I'm not sure if this is clear at this point, so here it is again as an explanation: OMNeT++ uses an event-based mechanism for scheduling. This means that the simulation time does not progress at fixed intervals (e.g. 1ms, 2ms, 3ms, ...), but according to the times of the events in the simulation. This means that if there are two events event1 (at time 1ms) and event2 (at time 20ms), then the simulation times would look like this: 1ms, 20ms In this case, this means that an event for the end of the simulation (the so-called UNTIL event) is already inserted at the start of the simulation in OMNeT++. This has the time 99999999. If no more events are scheduled in the future event set in OMNeT++, then the simulation time “jumps” to this event, i.e. to the time 99999999. This is exactly the behavior that can be observed here. The error therefore lies in the fact that there are no more events in the FES that occur before the end of the simulation.
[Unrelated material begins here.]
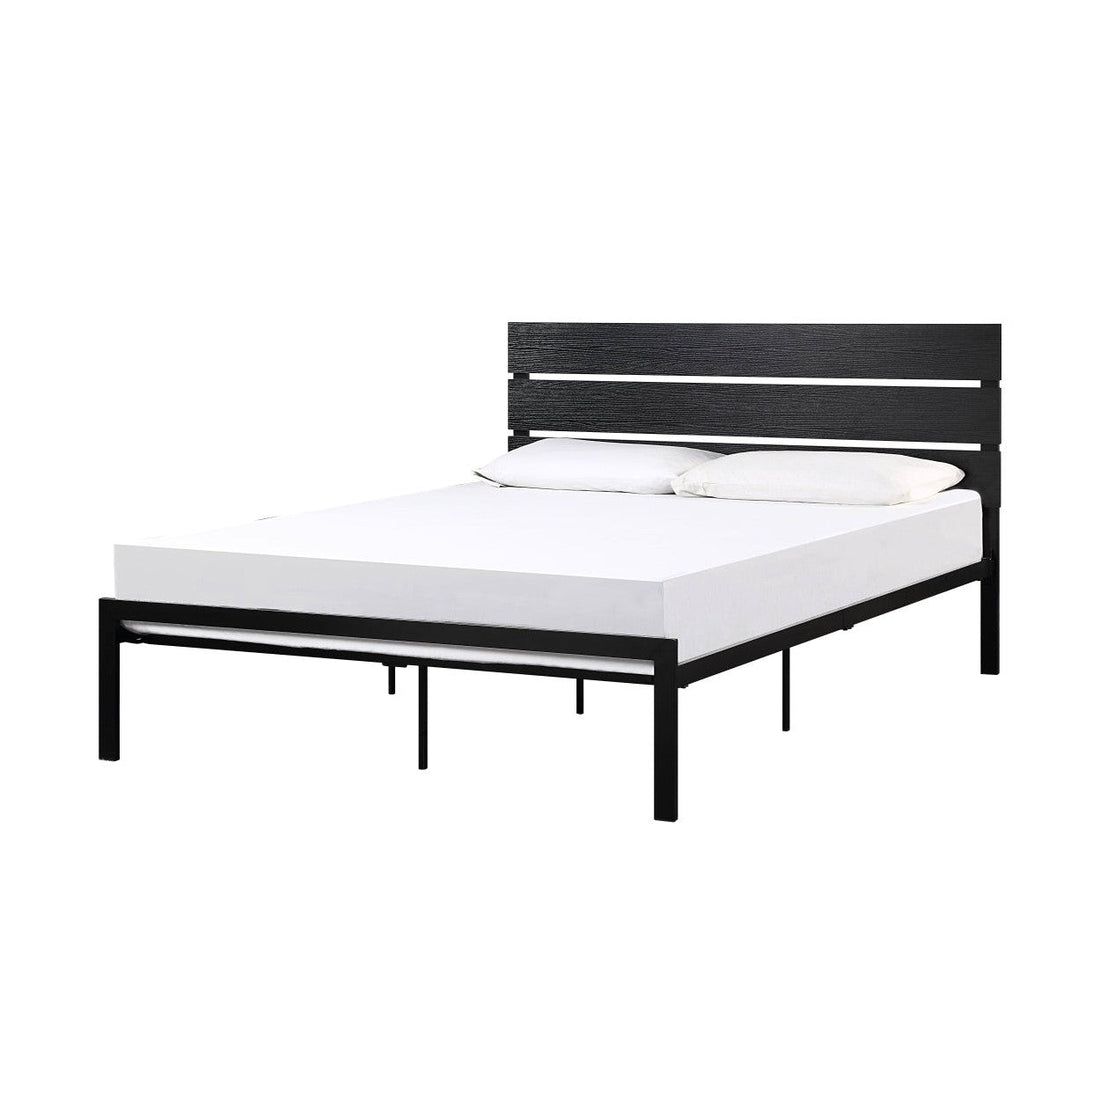 BLACK METAL BED, FULL HM1804BKF-1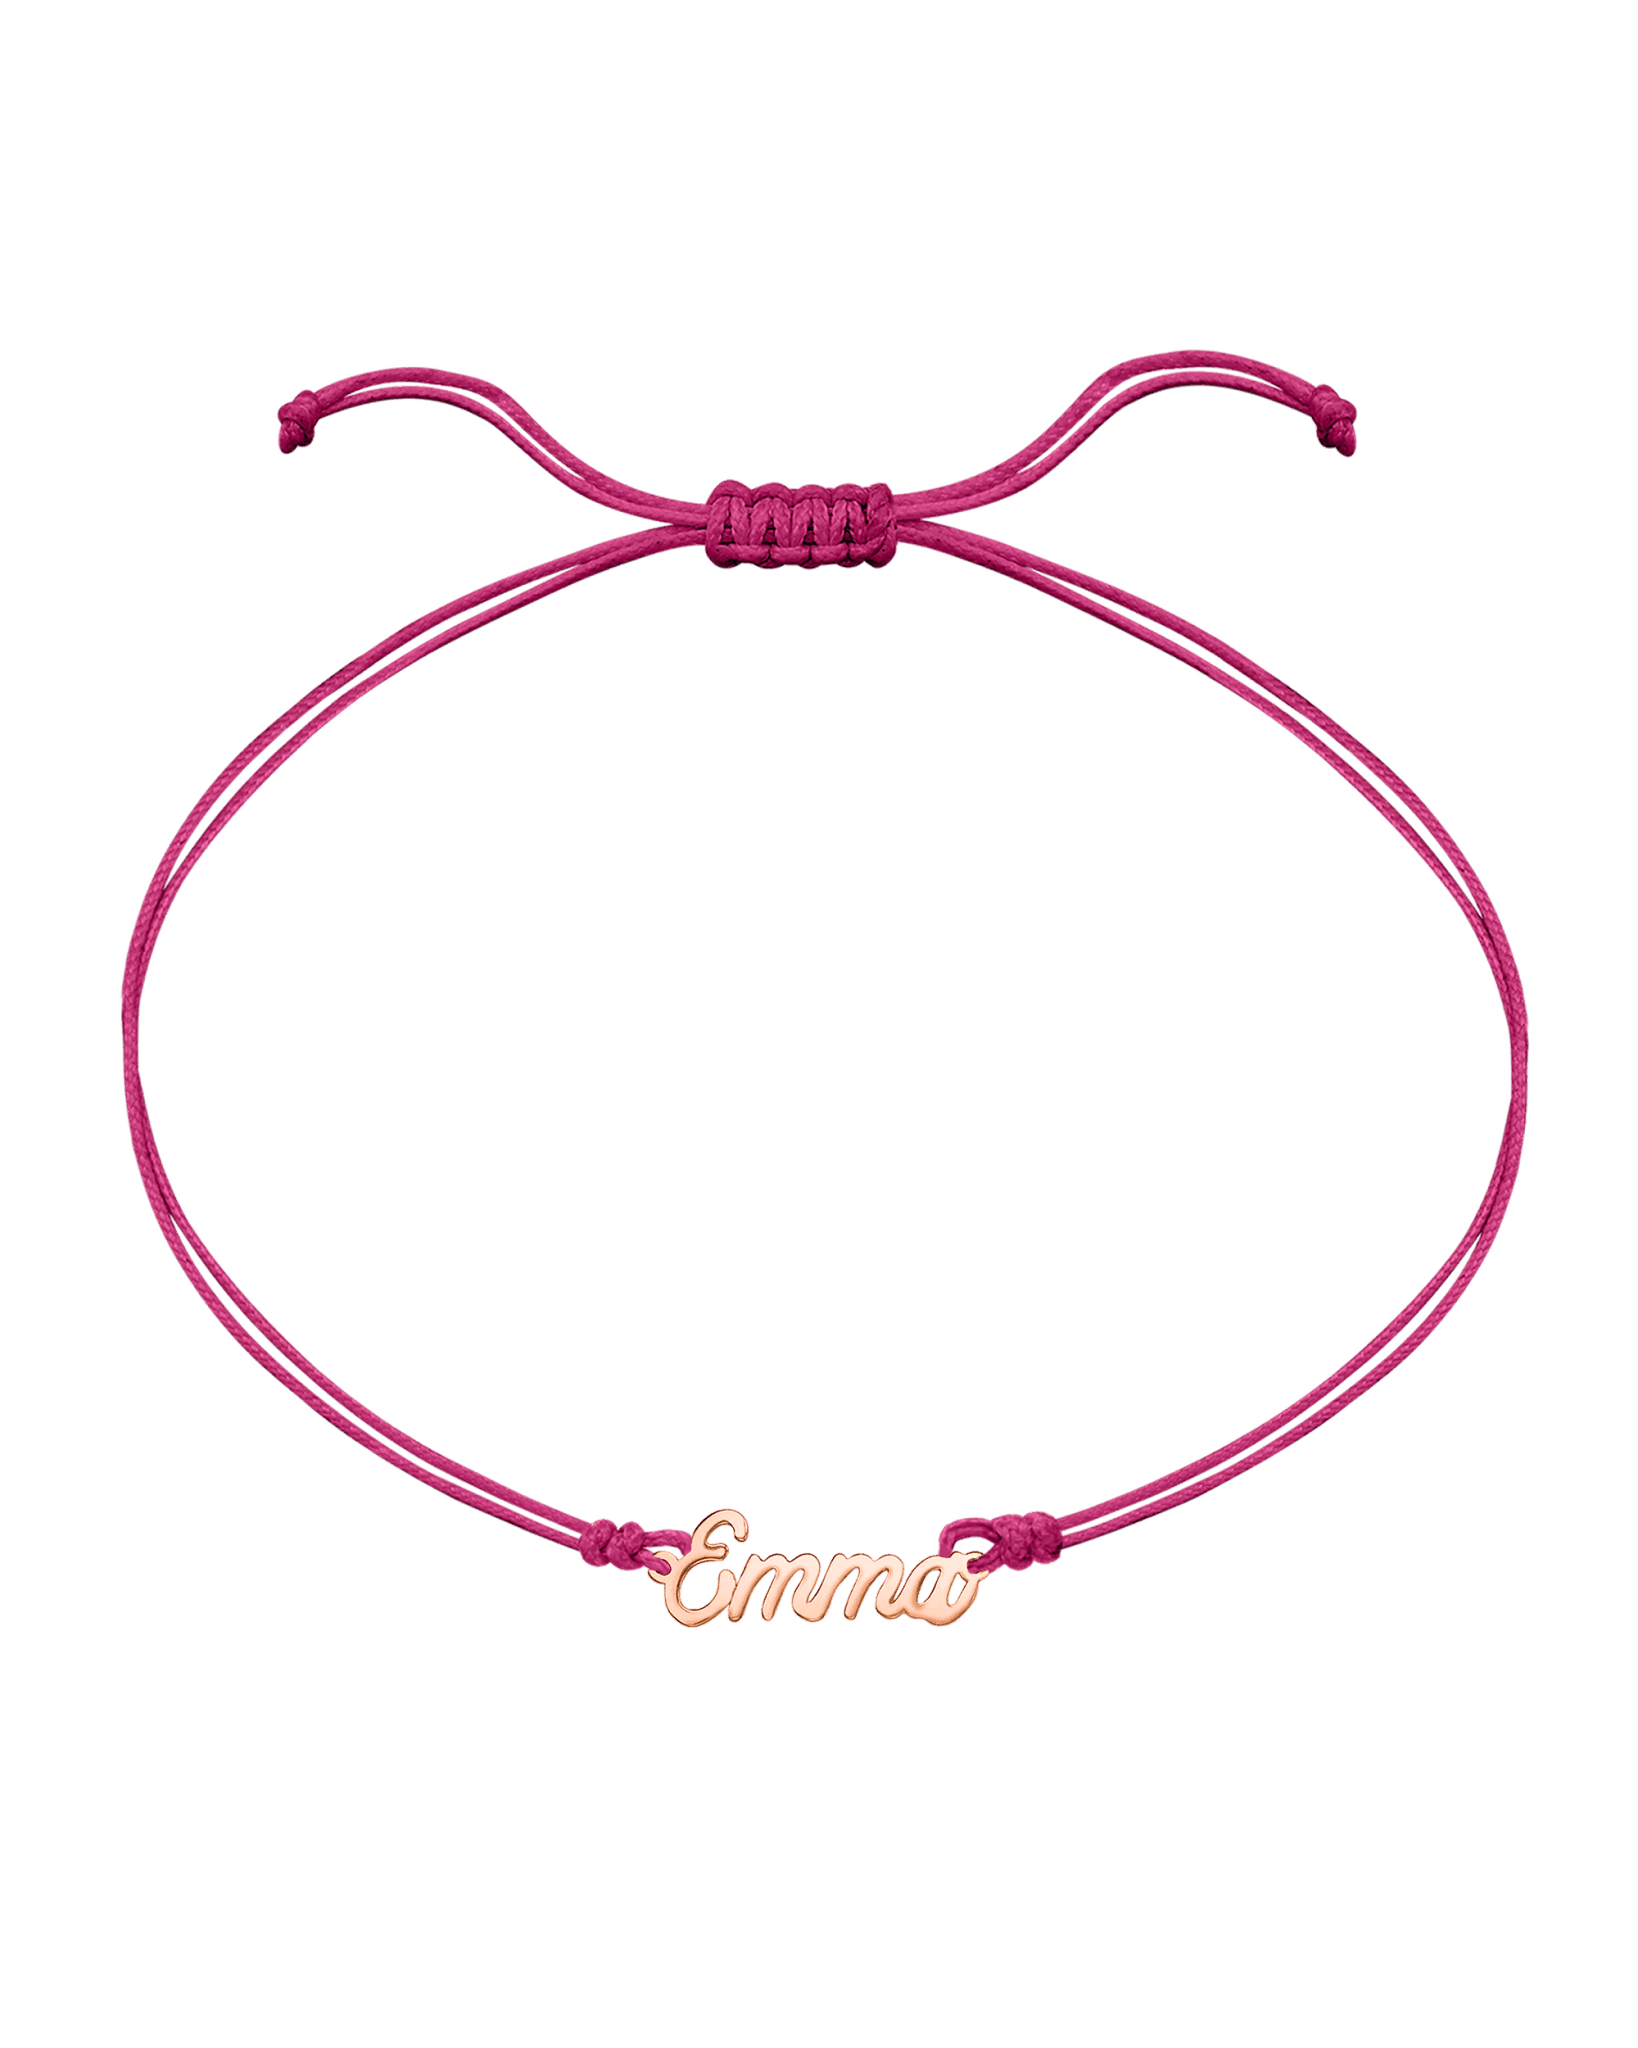 Name Plate String of Love - 14K Rose Gold Bracelets 14K Solid Gold Pink 1

Is this comprehensible and does it perhaps help with debugging?

ihcsof commented 3 days ago

Yes, it surely helps! I excluded this because I saw a lot of events in "present" and still events in "FES", but maybe all the events in FES are equally scehduled at 999999 and therefore Omnet skips. If I'm right "present" is not a parameter to take into account for my problem, but only FES, am I right? I'll try to understand why no more events are present and try to find a workaround for that (maybe I have to schedule events more frequently or keep the simulation alive with other methods). Thank you for your precious help

MalinRadtke214 commented 2 days ago

Great, that sounds good.

I'm not quite sure what the aim of the simulation is supposed to be, but theoretically this could simply be the normal, intended (?) behavior here.

Do I understand correctly that the issue is closed for now?

If so, I would close it and would also be available by email (malin.radtke@offis.de) if you have any further questions.

ihcsof commented 2 days ago

The aim of the simulation is to reach the convergence (which I'm sure that it will), so this bug (that is still present) prevents the correct behavior. If it's better for you we can continue via email and close it, but no it's not solved yet. I will investigate further with my research team in the next few days. If you know how to properly debug the events that were present at the unexpected end of the simulation it would be a good information! By the way, thank you for all the responses.

MalinRadtke214 commented 2 days ago

Perhaps you could get in touch by email and we could arrange an online meeting to talk? It's a bit difficult to understand what the problem is in the written form.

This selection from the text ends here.